Spike | Does my application recover after a large spike in traffic?
Database (direct) | How do direct database interactions impact throughput and performance?

Testing in Today’s DevOps World

Performance testing should be a standard part of every build where you build, test, tune, and start again. Performance improvements occur, and catching performance issues before your users do because it happens at each and every build. Correcting issues in build 144 that occurred in build 72 is not fun, nor productive.

Create Repeatable Real-User Simulation

Tests must be realistic. That is, closely resembles the way real users will interact with the system as well as repeatable so that you can track progress.

Identify the maximum number of users the system will ever see (call that Max Design Capacity)
Identify reasonable SLAs (max transaction times) that your users should tolerate

A modern target would be under 1 second response times through the UX

A good start would be under 3 seconds for all transactions and work towards 1 second
Create a mix of relevant use-cases at the UX level as well as optionally at the API level and database level
A good scenario will have many use cases represented which interact with the system in a realistic way and activate all aspects of the system such as the database and other layers
Data-drive those transactions for more realistic scenarios
Randomize think times and interval times to create more realistic scenarios

Generally, randomize think times between 1 and 10 seconds

Generally, randomize interval times between 5 and 20 seconds

Setup and Run Tests

A. Monitor

Place APCMonitor on your web, application, database, and all other servers associated with the app under test.

B. Measure Transaction Times Without Load

Run a single user performance test with one scenario repeated 10x in series.
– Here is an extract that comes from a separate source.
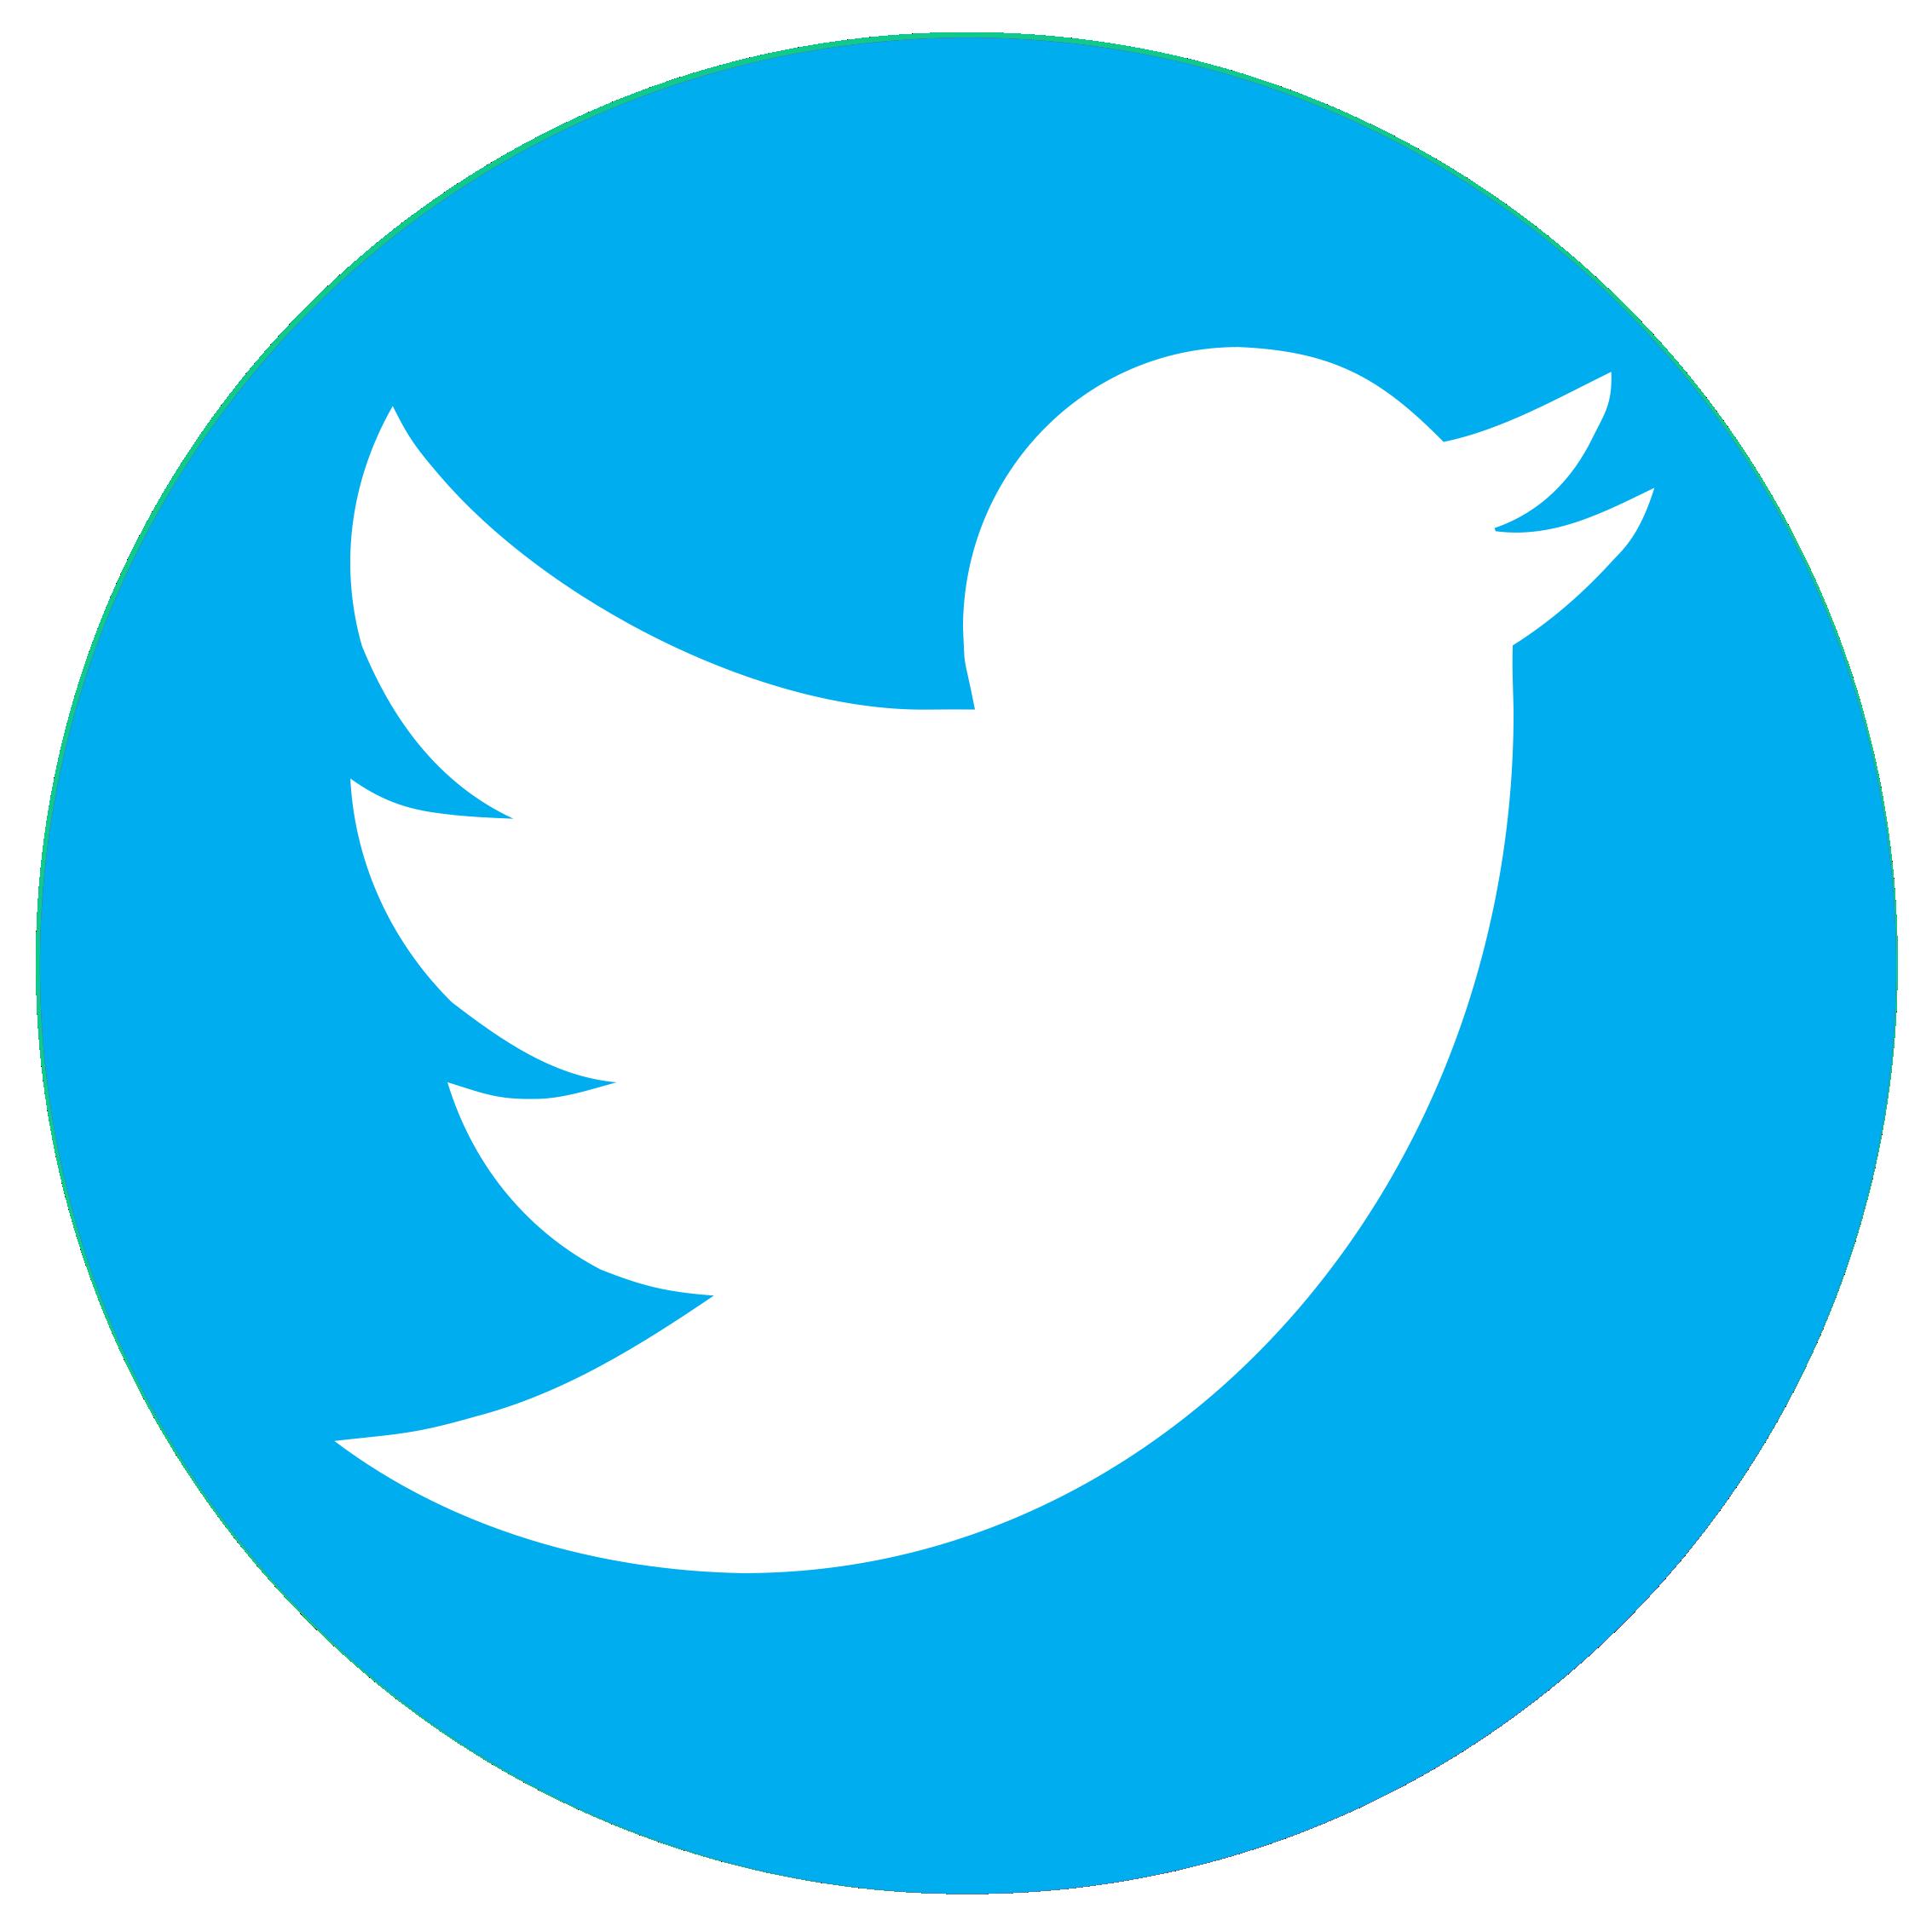 logo-twitter-circle-png-transparent-image-1.png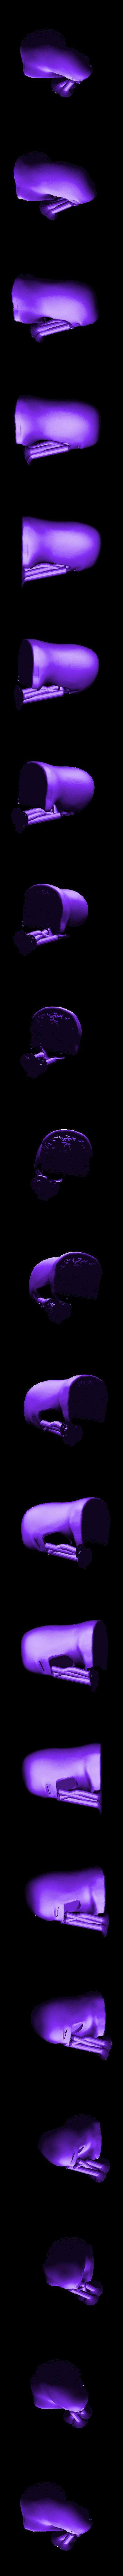 SG_FaceP_Head_Black.stl Download free STL file Space Ghost - Facepalm • 3D printable model, mag-net

This both ensures that everything is functioning correctly including your application and that the nodes can see the application. This will also provide a baseline for transaction times

You should not see any errors with this 1-user test. If you see a consistent error you may have a script or application issue.
You may see some steps which take a long time (over ten seconds) in the report. You can validate these manually and see what actually happens. Some steps can have a lot of elements loading besides the visible ones and the browser will still show in an active state, and Appvance will await all elements to come in, even though a real user may have moved on. So you may decide to ignore this step results for the moment as it won’t impact a user, but more that there could be better ways to code that Ajax activity in the future. Also, this can be different for each browser.
If you do not achieve your SLAs for transaction times at this step, STOP and address the issues before proceeding.

C. Calibrate the Test Nodes

It is critical to calibrate a test node for max capacity for your exact Scenario. Each scenario requires new calibration.

Follow the calibration guidelines which include ramping up users on one test node until that node reaches CPU and memory limits, or other aberrations occur. When other issues occur these could be due to your application being at its limit (and not the test node) or could occur because GPU or other non-monitored data are at a limit on the test node. Back down by 20% from any limit and call that the calibrated maximum per node. Enter that number into each test node setting in the scenario going forward and assign enough nodes to get to the totals you need.

D. Run a Scalability Test

Create a scalability test by picking at least 3 levels of load (it can be more) and setting that up to automatically occur within one Scenario.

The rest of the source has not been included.